I would have thought 300 would pull the old latex up off the floor, and fail. Na is the better option, if your going over the existing.
i had it done today, the guy used stopgap 1200 pro, my wife was home, she said that he sanded the old latex floor first, then applied the compound. She said the she didn't see him use a primer, would that be a problem? He is coming back tomorrow to sand it down. Is there anything else that he should be doing? I have noticed that it's not exactly perfect and is does have a couple of high and low spots. I also have compound on a freshly painted feature wall.. before after
So what your saying is... He didn't prime it which he should have especially if he's been sanding and creating dust which could hinder bonding and also not priming reduces the flow of the product hence it's not smooth so he needs to sand again which he'd need to prime after sanding again due to creating more dust and opening up the finished surface of the product He's then probably going to put ten ton of feather finish over it it try and sort out his message If I've read this correctly you've got under floor heating to so feather finish shouldn't be used if that's his plan ? Is the UFH switched off ??
UFH was switched off the day before and it's still off now. He did say that the compound dried kind of quick, but I don't know exactly why as the heating was off and the floor was cold the night before. What else can be done apart from the feather finish? Any suggestions on how to remove dried compound from the wall without having to paint again?
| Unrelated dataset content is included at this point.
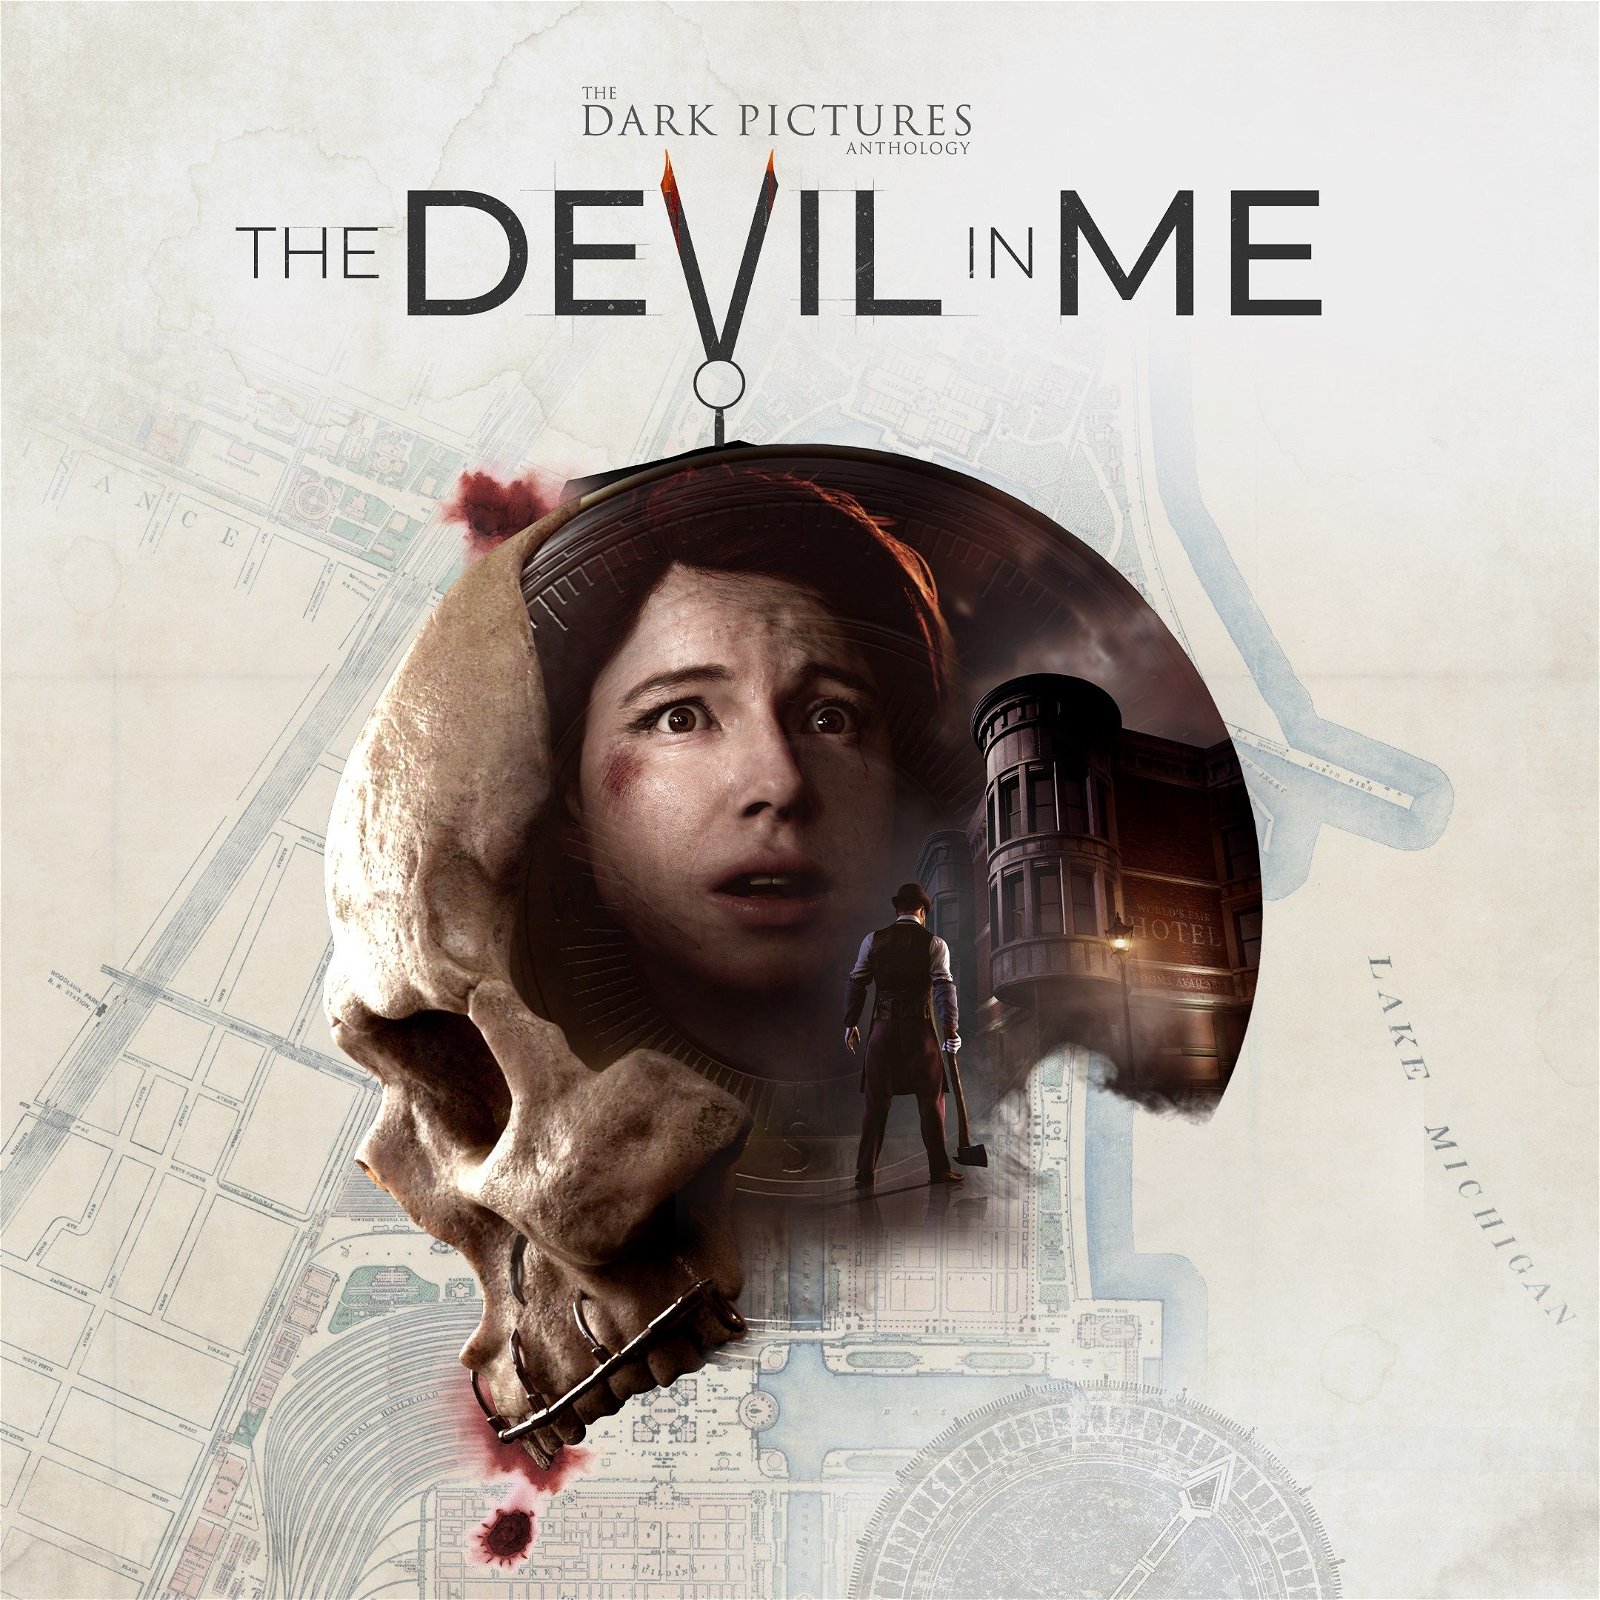 Image of The Dark Pictures Anthology: The Devil in Me

I had a look online for feather finish product and most of them are compatible with UFH. Why do you say it shouldn't be used?
You can't use feather finish on UFH it's to weak When the UFH is on the lvt will try to expand and pull on the adhesive which will intern pull on the feather which will just peel off the floor That's the floor fooked and start again
A lot of products say you do certain things with them but All tec sheets will only say what their product does and can do not what happens when you do something else afterwards
It doesn't look to bad in my opinion, the photo is problably not the best representation, but there are some places where the compound wasn't pushed enough and it kind of dipping..
Have you got a long spirt level or something straight andown long you can lay over the surface On even just rub your hands over it. That'll give you a good idea how smooth it is. Everything will show through the the lvt especially if you have natural light shinning across the floor
That's how I've noticed a couple of dippings, when I felt it my hand..I'm not going to lay the LVT yet. should it still be primed after sanding or wait till just before I lay the LVT?
Hoover it let the dust settle hoover again prime it twice mixed to the correct ration Or just get it screeded aging property
I agree, but don't tell my wife that as she's painted that wall and it's the last thing I want to do, again. Guy come back, sanded it, didn't prime it, apparently the feather finish wasn't included in the price and we did mention after doing the job that the 1200 isn't self leveling.. I was looking to get Karndeen Van Gogh Macrocapra, is it any good, does anyone recommend something similar?
for some reason this contractor said he would recomment pressure sensitive adhesive instead of HT, what do you think?